→ **Dataset excerpt**

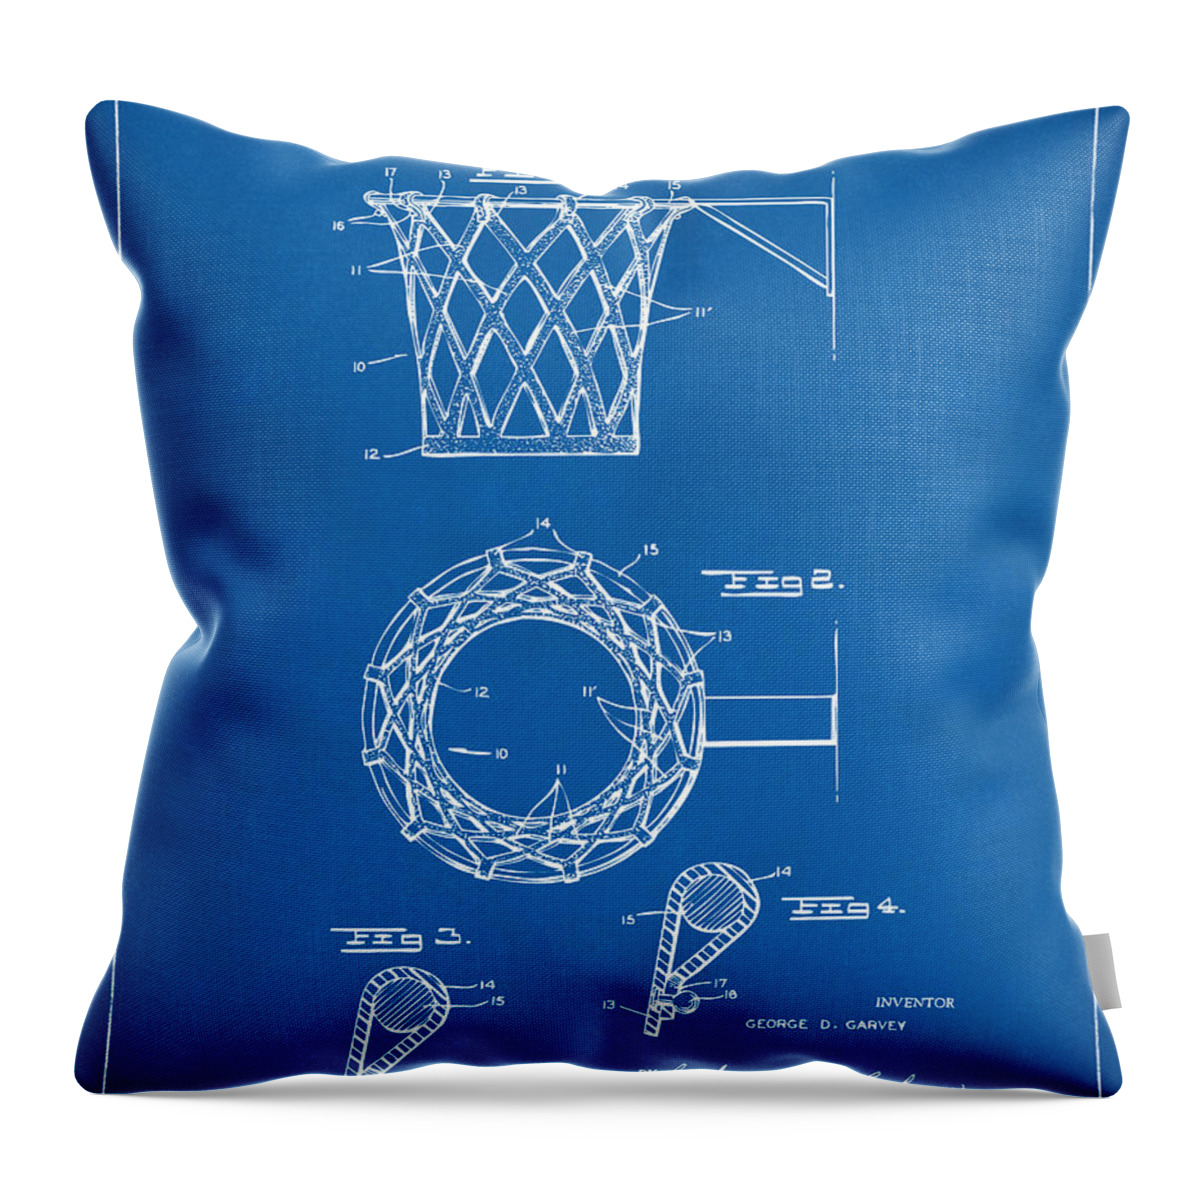 Basketball Throw Pillow featuring the digital art 1951 Basketball Net Patent Artwork - Blueprint by Nikki Marie Smith
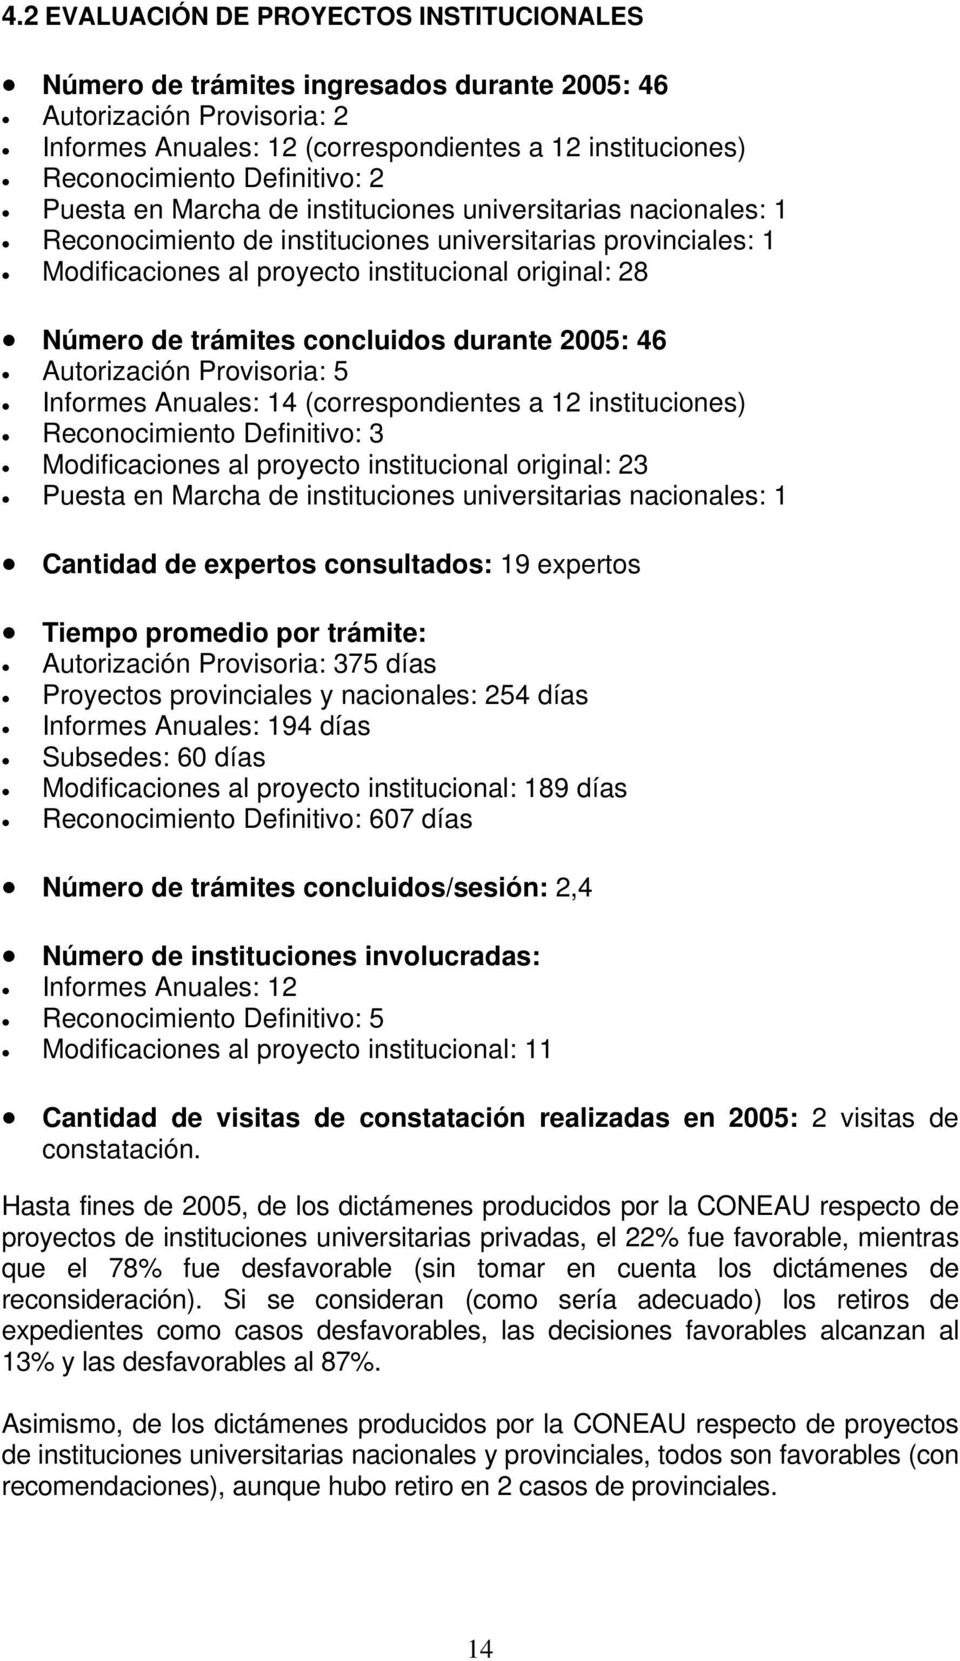 Número de trámites concluidos durante 2005: 46 Autorización Provisoria: 5 Informes Anuales: 14 (correspondientes a 12 instituciones) Reconocimiento Definitivo: 3 Modificaciones al proyecto
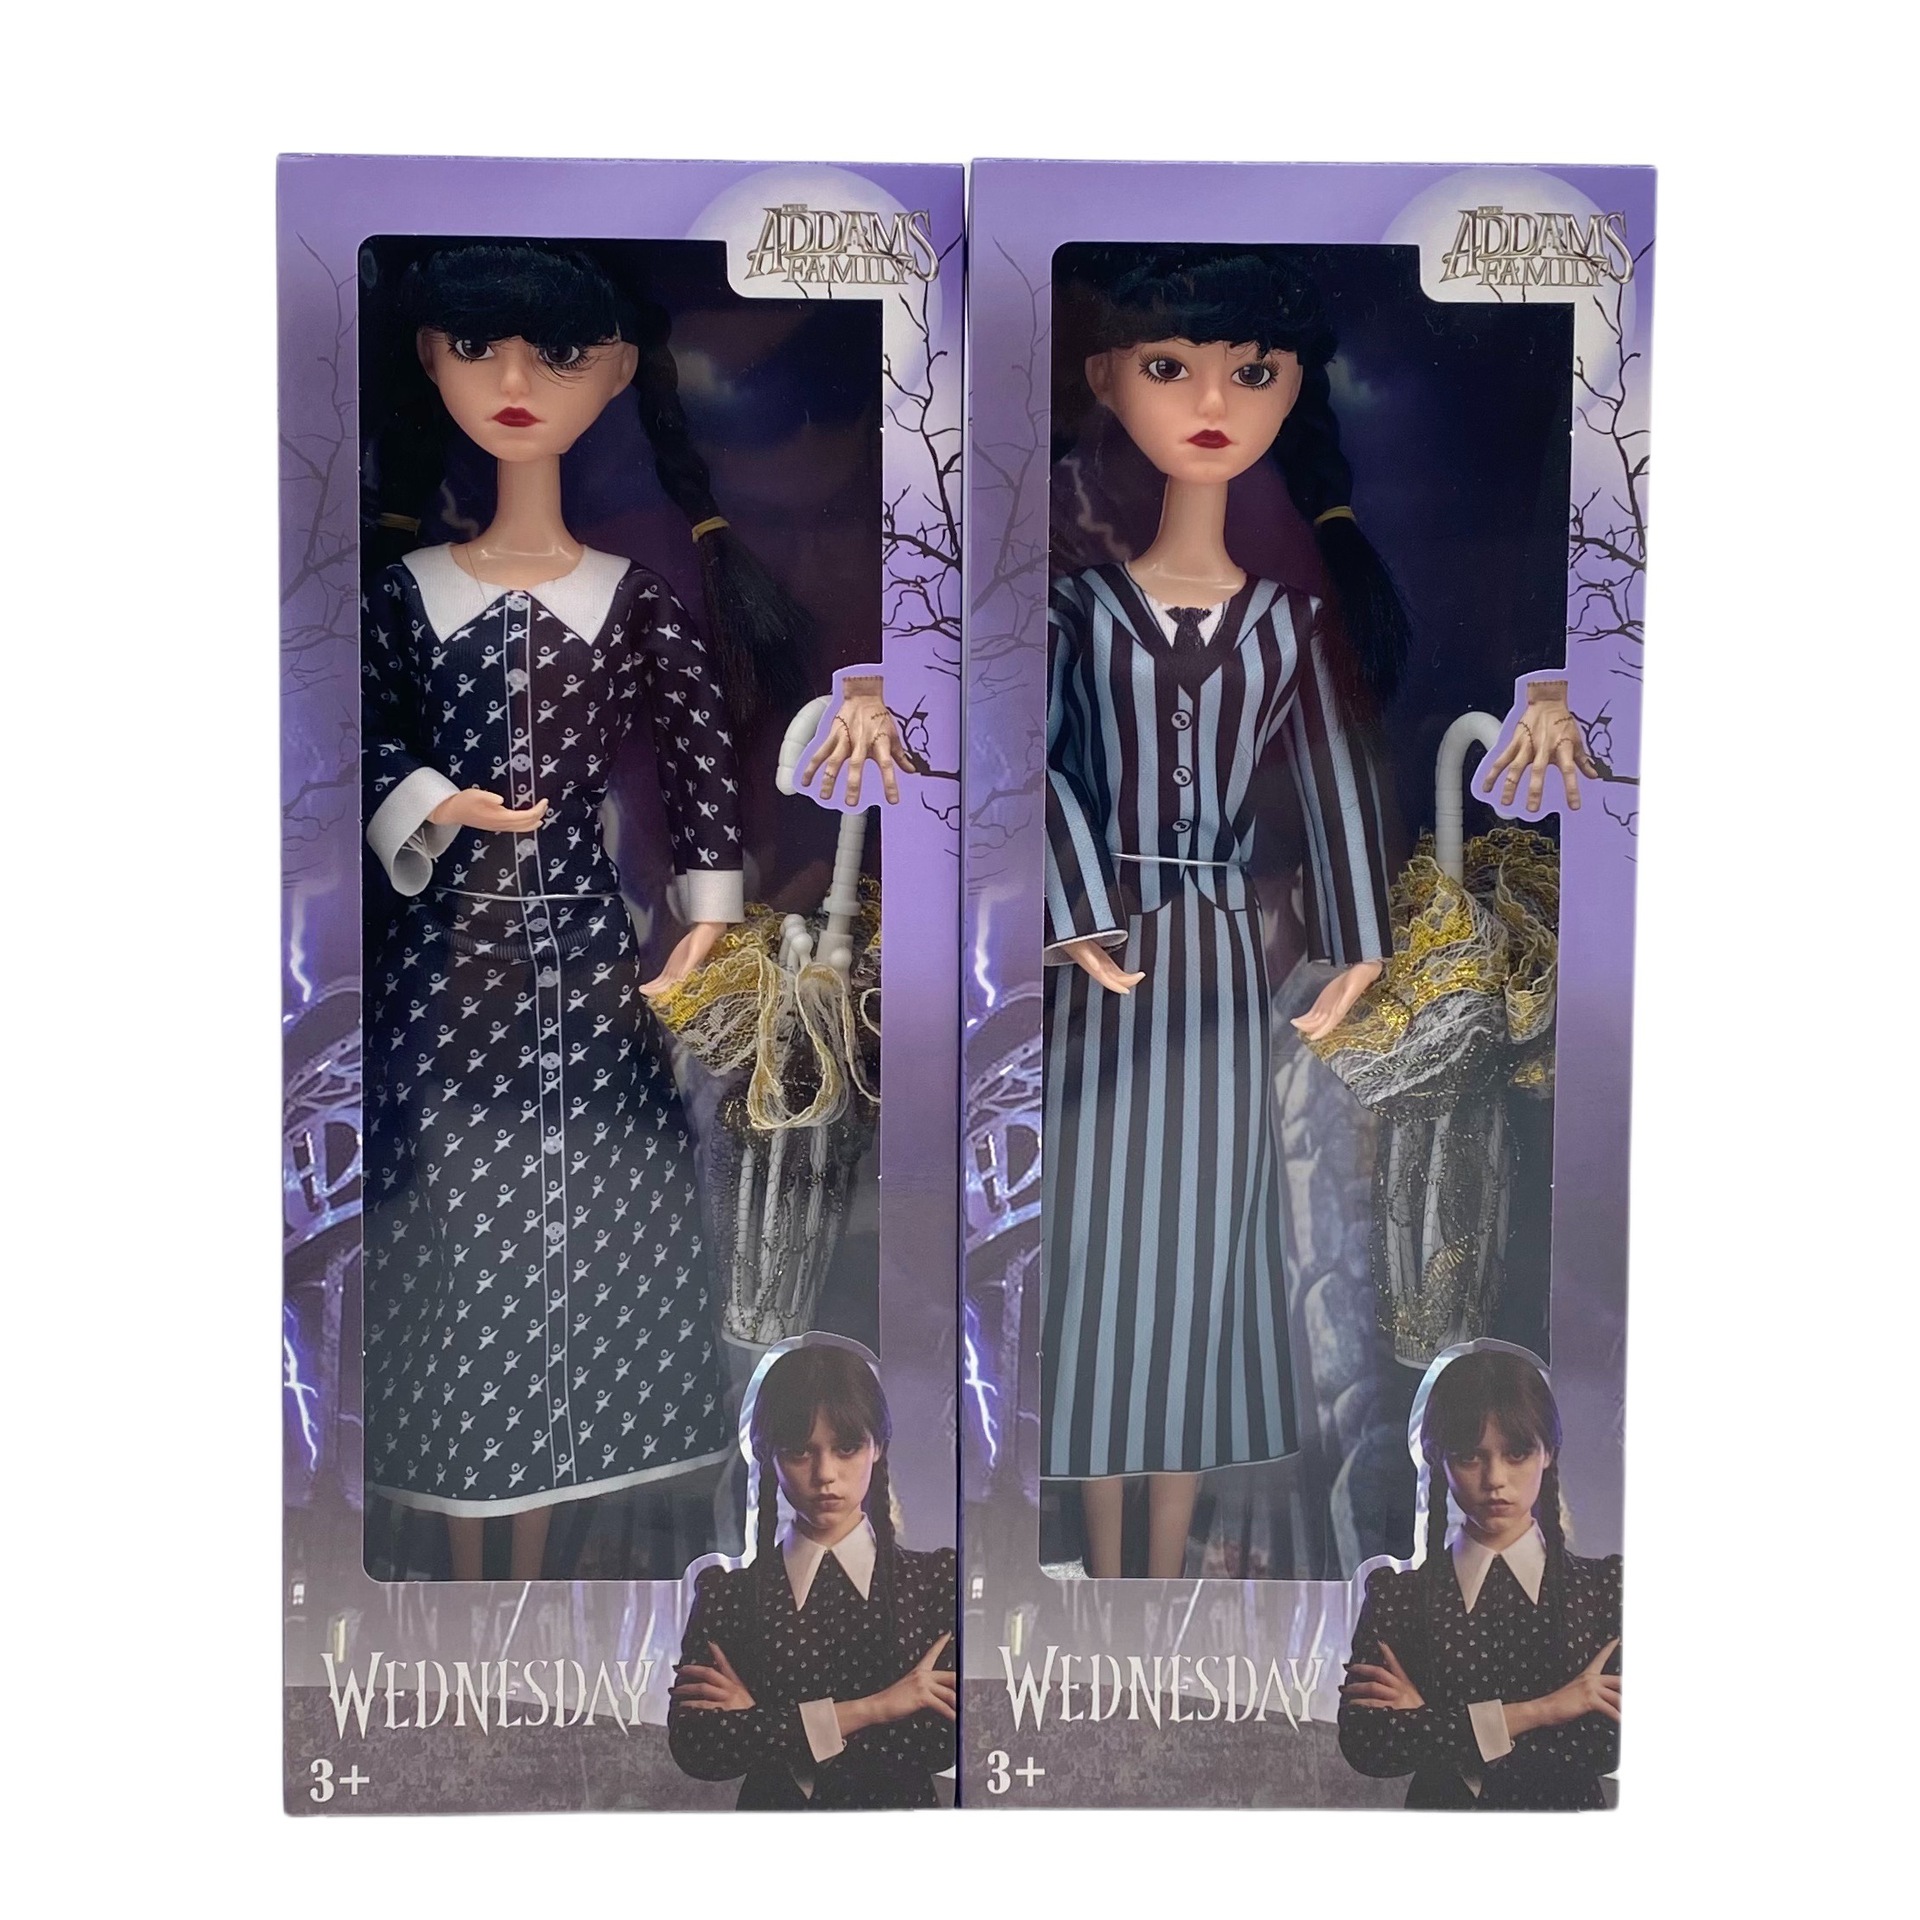 Loofamy Wednesday Addams Dolls, muñeca de plástico de la familia Addams, 11,5 pulgadas, vestido a rayas de manga corta, regalos de cumpleaños para fanáticos de las niñas

→ **Assigned task**
Nothing but the pictures may be dropped as you repeat the listing above exactly.

→ **Task answer**
 Basketball Throw Pillow featuring the digital art 1951 Basketball Net Patent Artwork - Blueprint by Nikki Marie Smith
 Número de trámites concluidos durante 2005: 46 Autorización Provisoria: 5 Informes Anuales: 14 (correspondientes a 12 instituciones) Reconocimiento Definitivo: 3 Modificaciones al proyecto
 Loofamy Wednesday Addams Dolls, muñeca de plástico de la familia Addams, 11,5 pulgadas, vestido a rayas de manga corta, regalos de cumpleaños para fanáticos de las niñas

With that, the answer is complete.